Should You Use Dog Treats in Dog Training?
Apparently, there has been a lot of debate about one particular part of dog training: the giving of treats. Yes, we all know that giving treats are a good way to get your dog to focus on a particular lesson, but the question remains whether or not it is a truly effective method.
There are advantages and disadvantages to anything. Giving your dog treats in order to train him to become obedient also involves some high points and low points.
Some people think that it’s a good way of applying positive reinforcement that will influence a dog’s behavior, while others believe it’s unproductive since it only teaches a dog to become opportunistic (in this sense, only responsive when there is food involved).
So, how can we weigh this issue down?
For one thing, doggy treats are a great way to incentivize for good behavior. It is true that dogs prioritize food over everything else, and that explains how they are more excited when they are made to do something in which food is involved.
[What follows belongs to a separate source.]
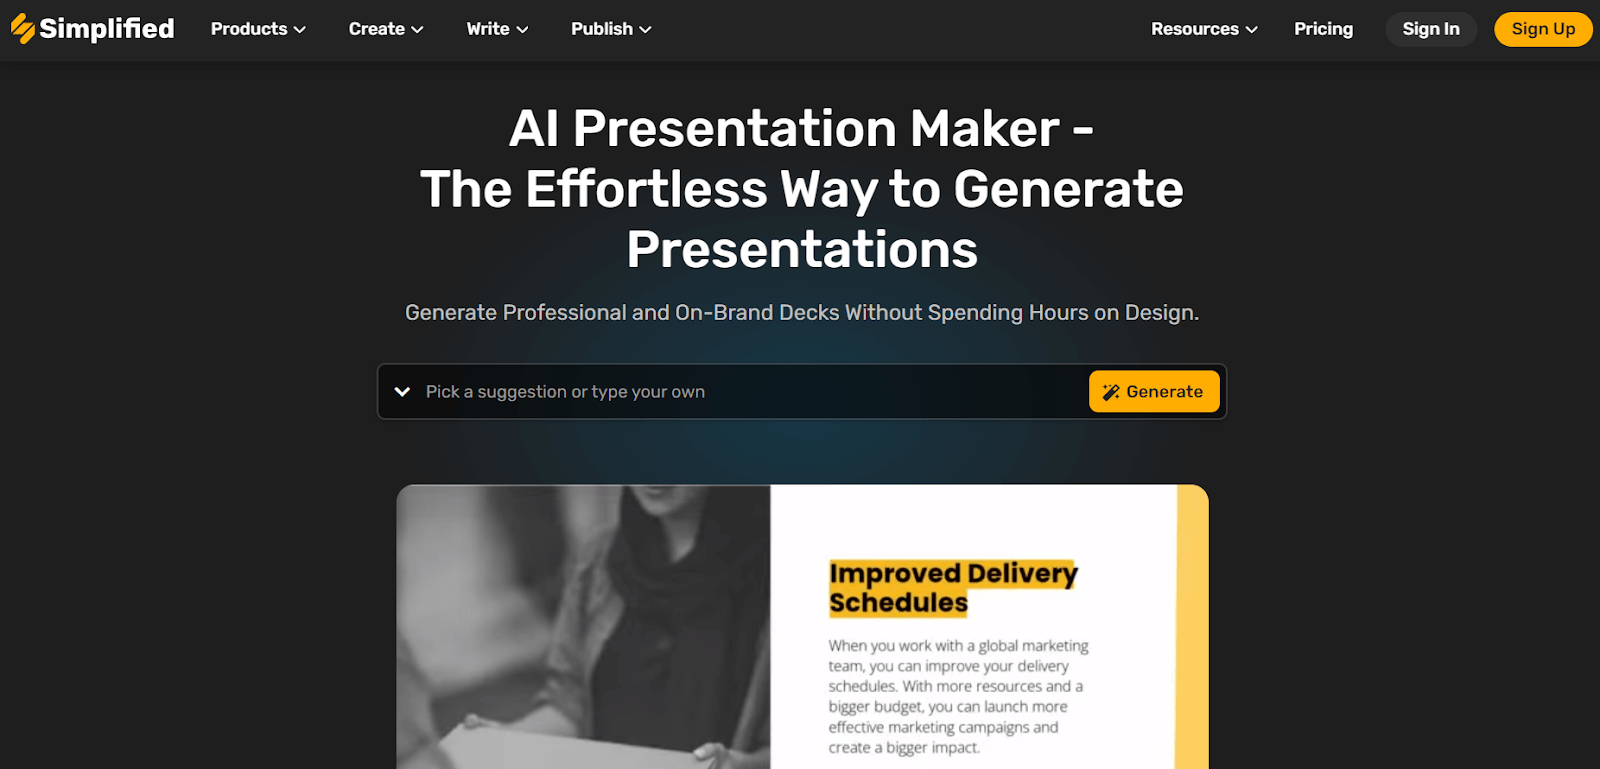 simplified website - the effortless way to generate presentations

But you need to water this argument down by realizing that dogs sometimes respond whenever there is food. In other words, they can only obey you if they know they get rewarded for it.
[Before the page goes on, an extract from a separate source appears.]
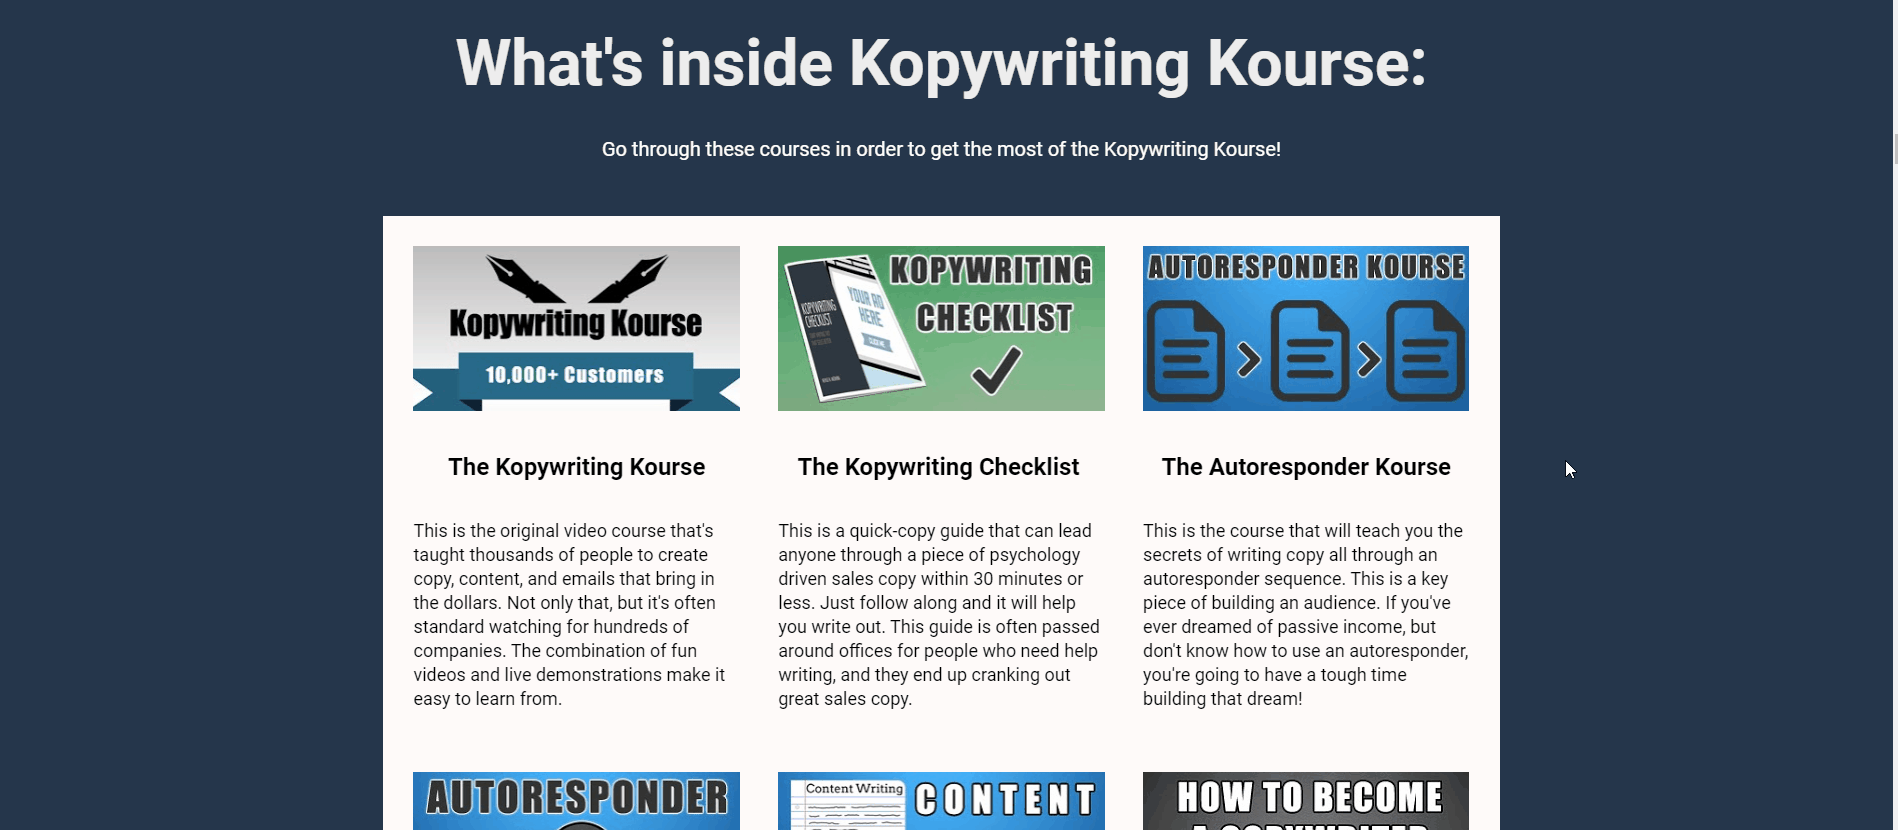 KopywritingKourse courses

You also need to address the scenario in which a dog isn’t really in the mood to eat, so it is not obligated to follow you.
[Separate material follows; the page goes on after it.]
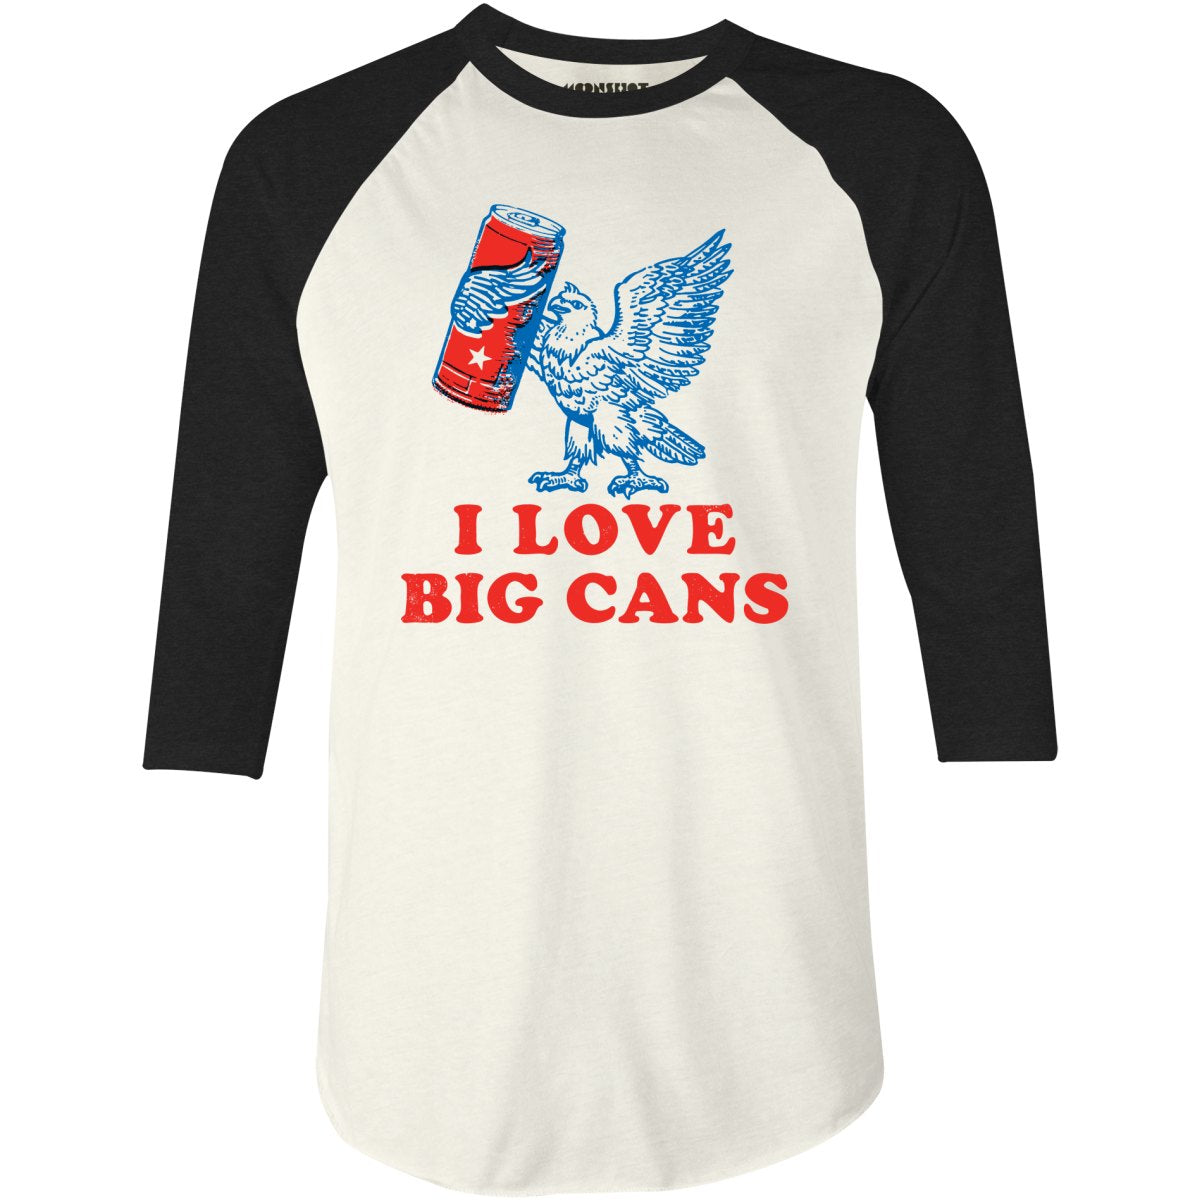 I Love Big Cans - 3/4 Sleeve Raglan T-Shirt

So, what should be the best course of action? Simple: moderate the giving of food. You should realize that dog training is about effort, not only on your part, but on the dog’s part as well.
Food is only there to motivate your dog to become more disciplined. In short, food is only a means to an end, and not an end in itself.
So, every time your dog does a good job following your command, don’t give the treat outright. Pat your dog and rub him just below his ears. Tell him that he is a good boy and give him part of the treat.
This technique allows for better rapport between you and your dog, as well as preventing your dog from being too dependent on the food.
For puppies, you might want to give them a taste of adult dog food. Small biscuits are easy to munch on, and puppies would usually want more of those after taking just a little bite. At least with adult dog food, puppies can only do so much as chew with their little jaws.
One thing remains important though: You should always consider treats as central in dog training. But not as a reward, but as a form of motivation that should make your dog work harder.
The bottomline is that dog treats are essential. But if you depend too much on them while training your puppy, you may not arrive at the expected outcomes. Still, you shouldn’t be too complacent with dog treats.
There are other ways you can offer incentive to your dog for obeying you. You can always make use chew toys you can buy cheap from pet stores. You may also want to give words of encouragement.
Not that your dog actually understands what you say, but they can feel your sincerity just by the tone of your voice.
At least, you won’t have to spend too much on dog treats to make the training work.